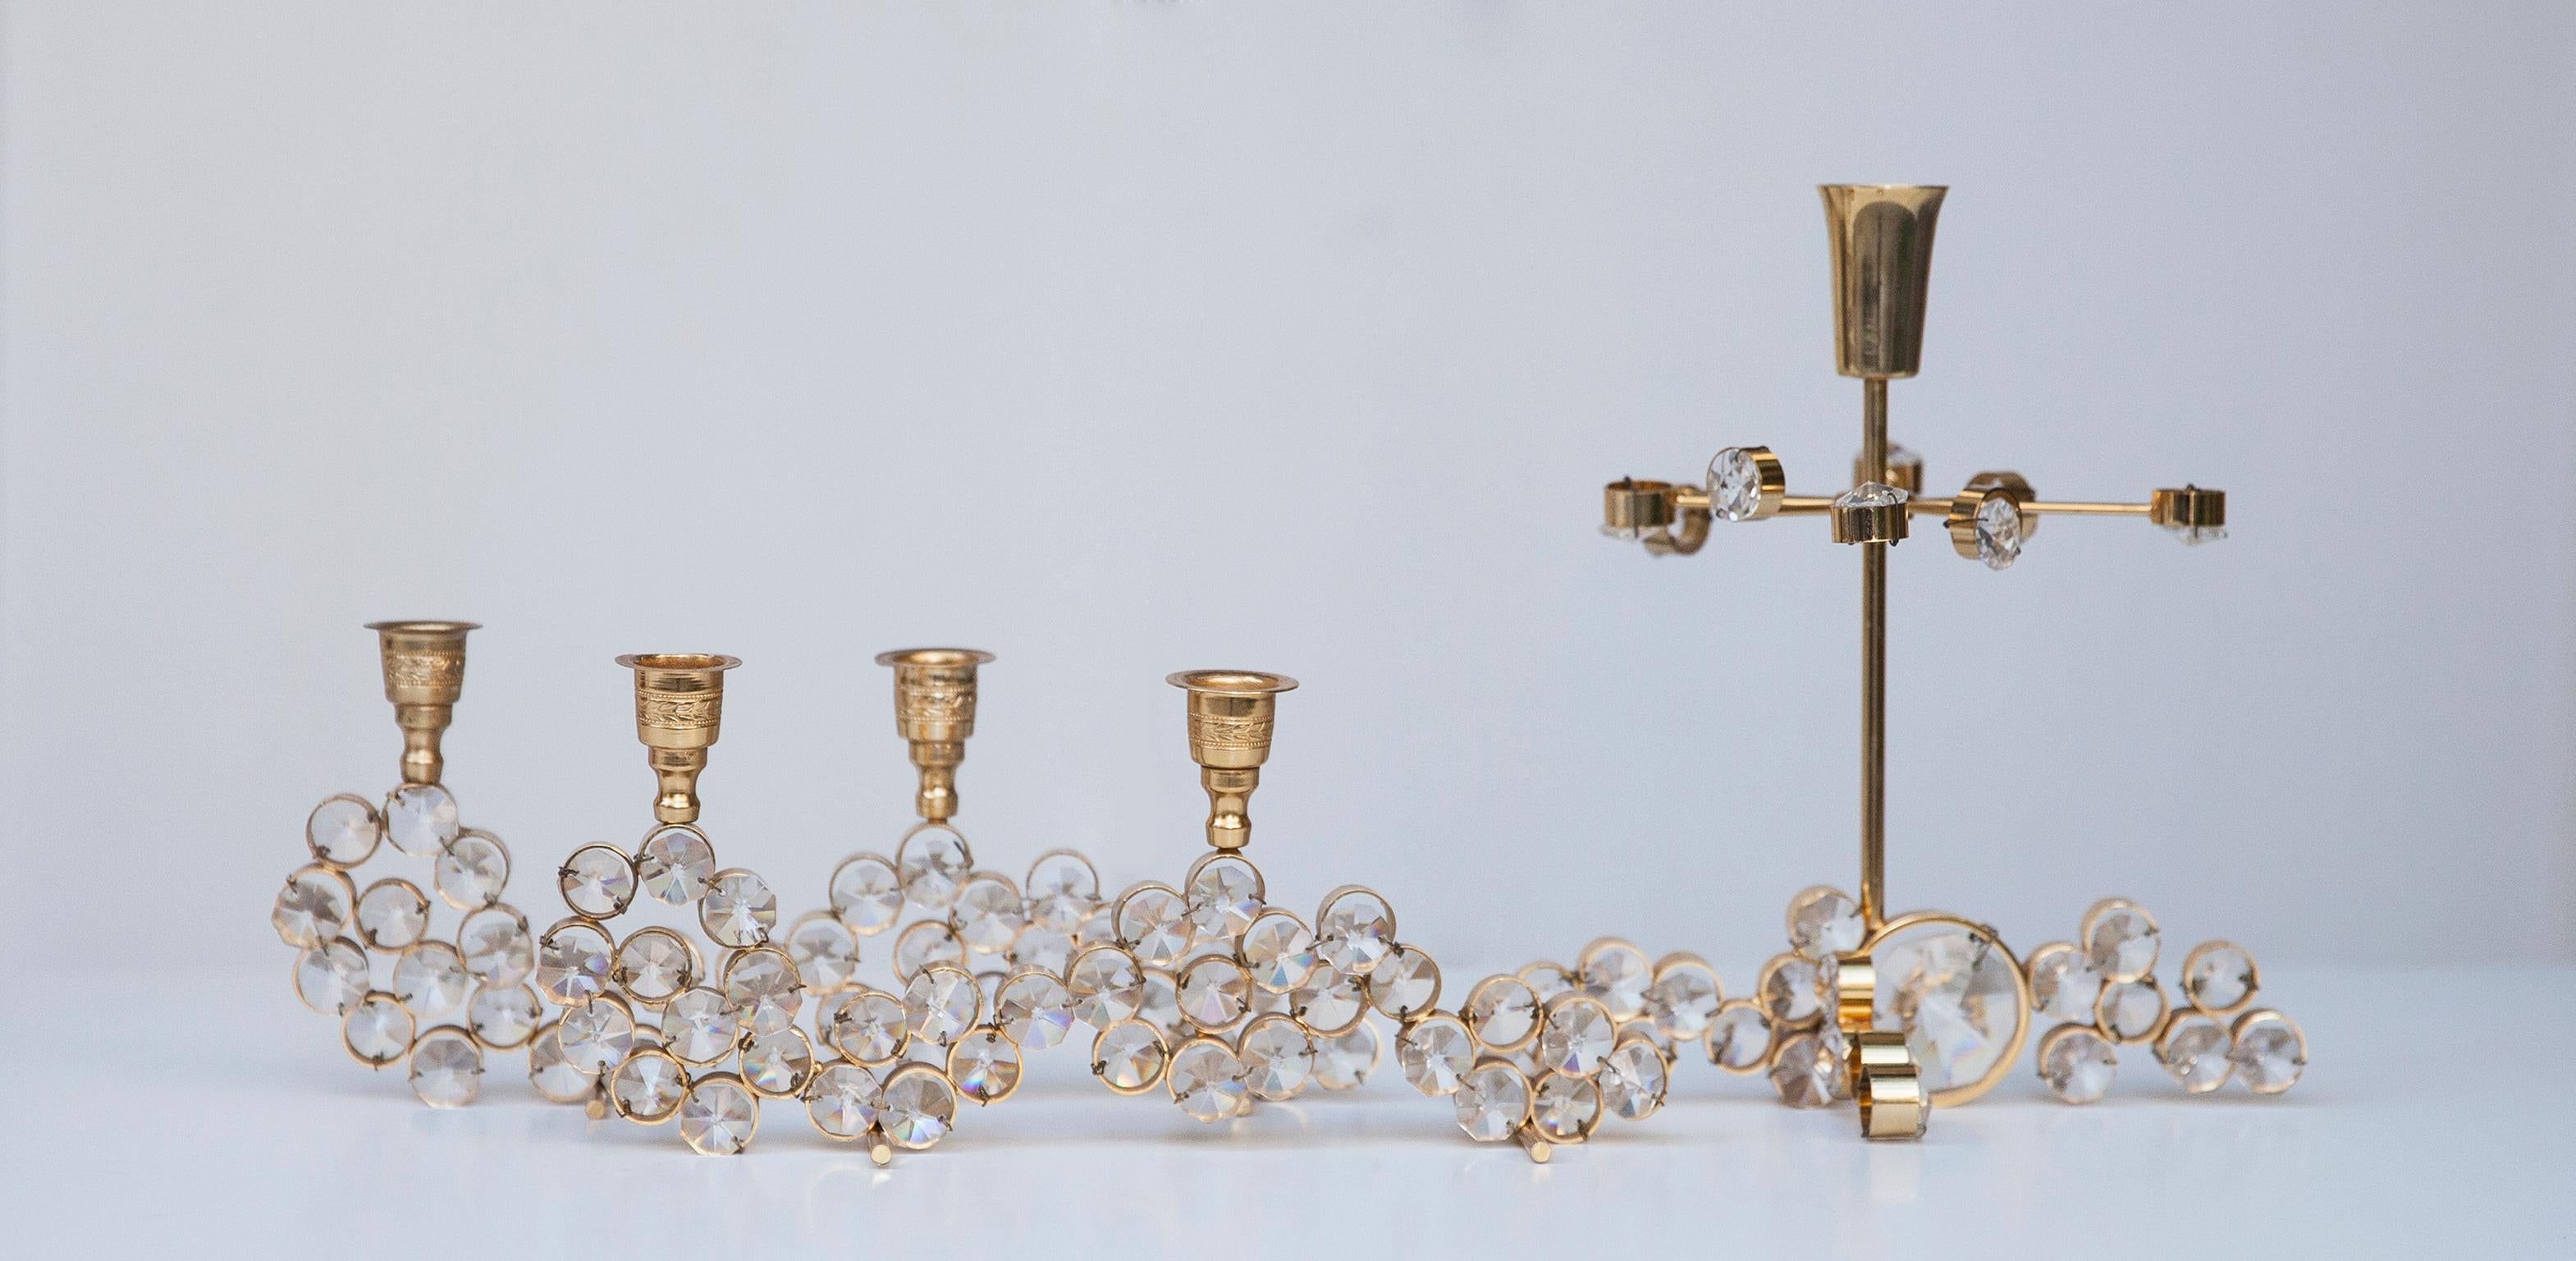 Cinq magnifiques chandeliers dans le style Hollywood Regency, fabriqués dans les années 1970 par Palwa Germany. En laiton plaqué or avec cristaux facettés en excellent état vintage.

Mesures : 23 H x 9 B x 5 D cm

19 H x 18 B x 12 D cm

12 H x
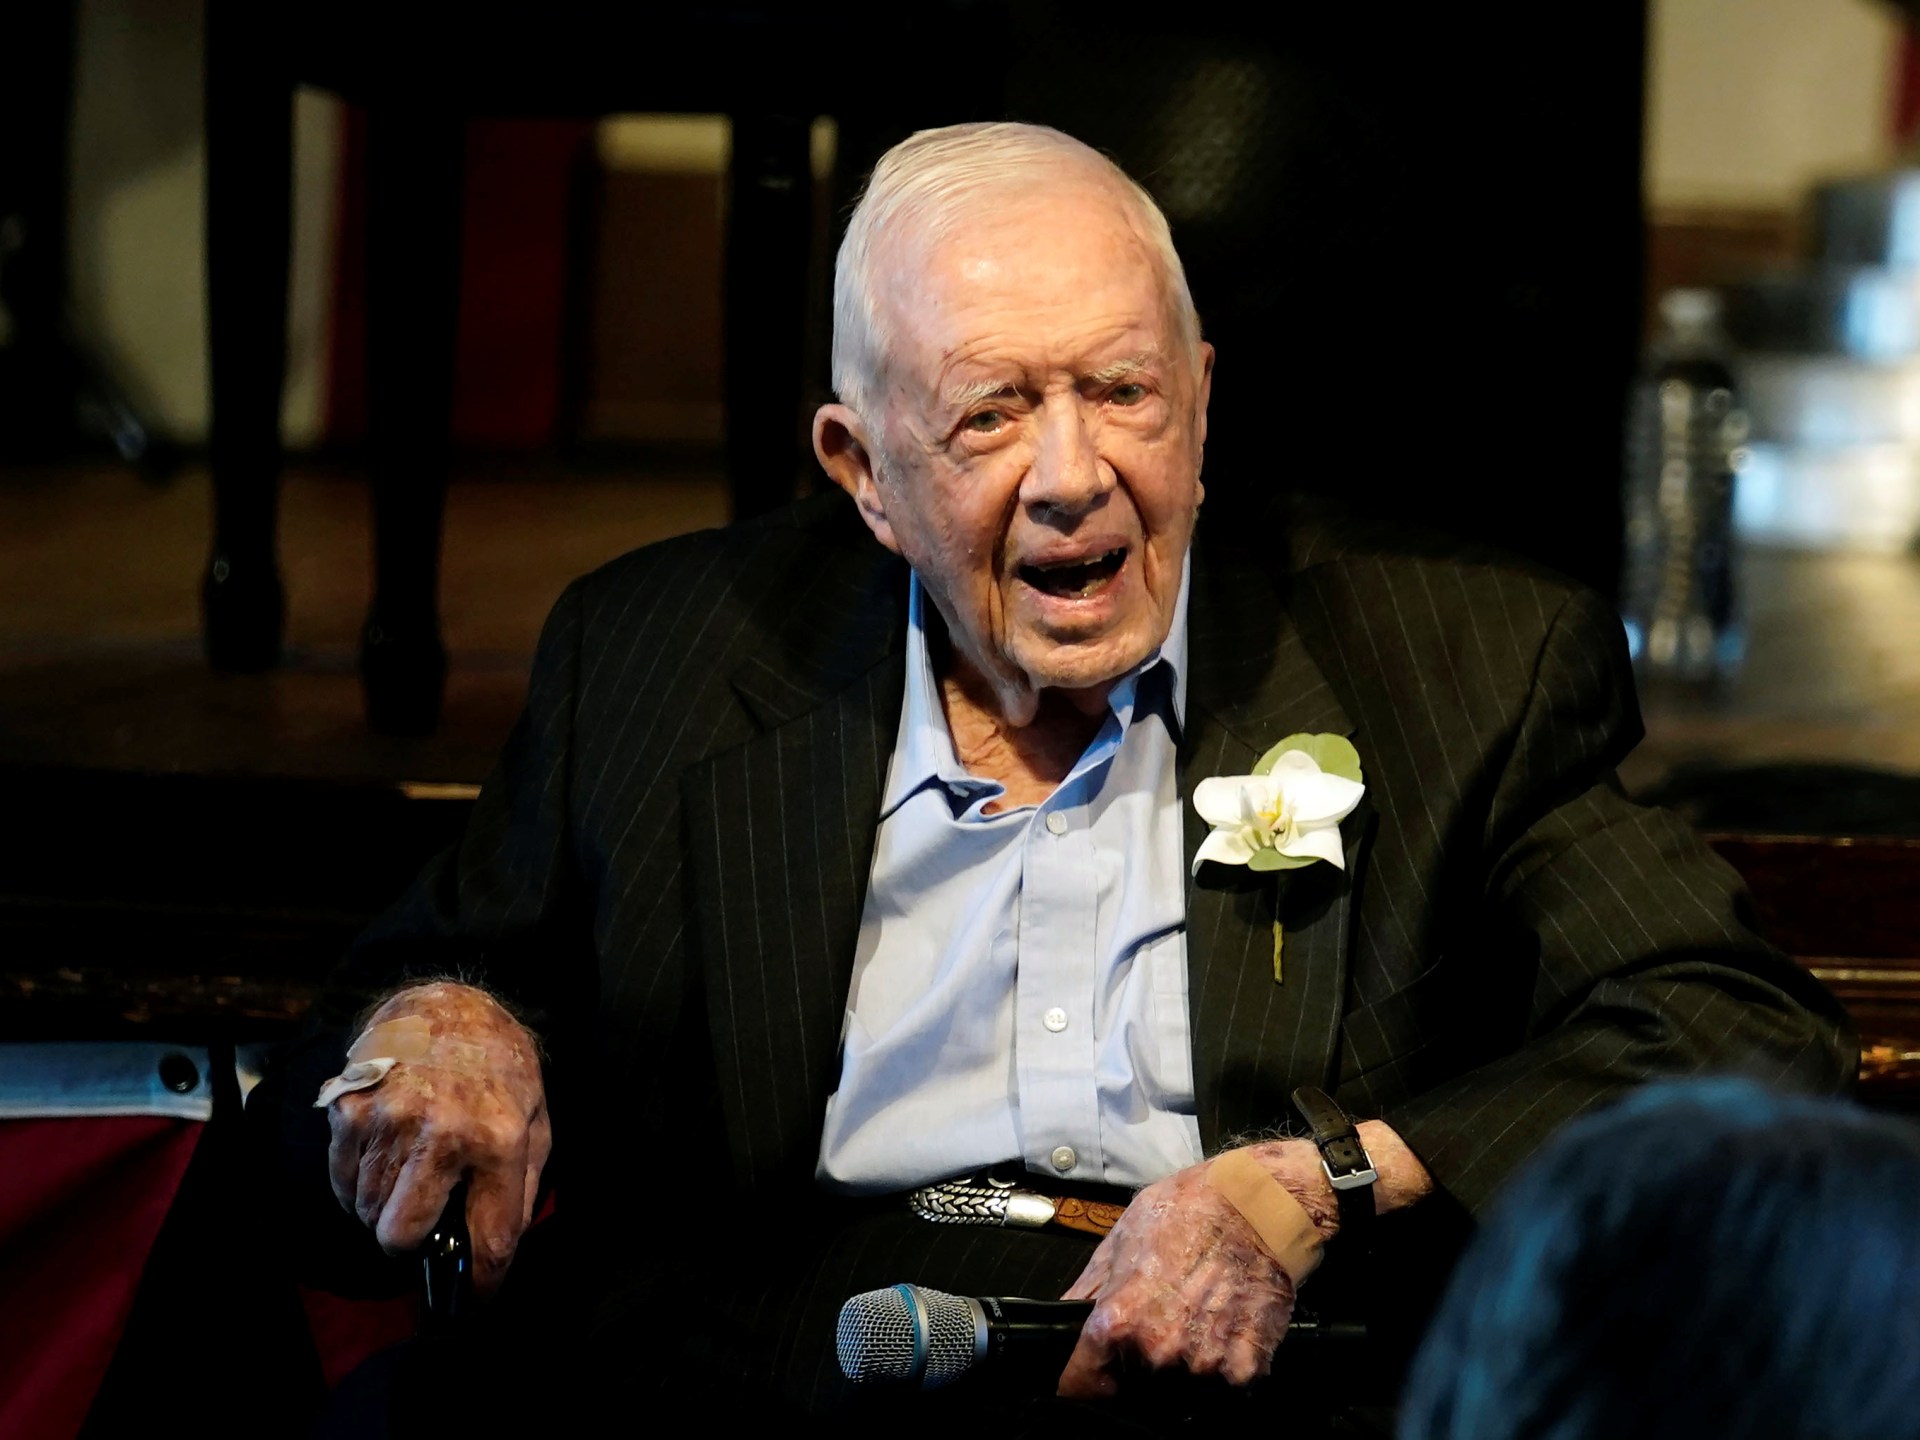 Jimmy Carter is not dead

**YOUR ASSIGNMENT**.
Every record above must be copied exactly, and no picture may appear in the copy.

**TASK RESULT**.
 Cinq magnifiques chandeliers dans le style Hollywood Regency, fabriqués dans les années 1970 par Palwa Germany. En laiton plaqué or avec cristaux facettés en excellent état vintage.

Mesures : 23 H x 9 B x 5 D cm

19 H x 18 B x 12 D cm

12 H x
 Jimmy Carter is not dead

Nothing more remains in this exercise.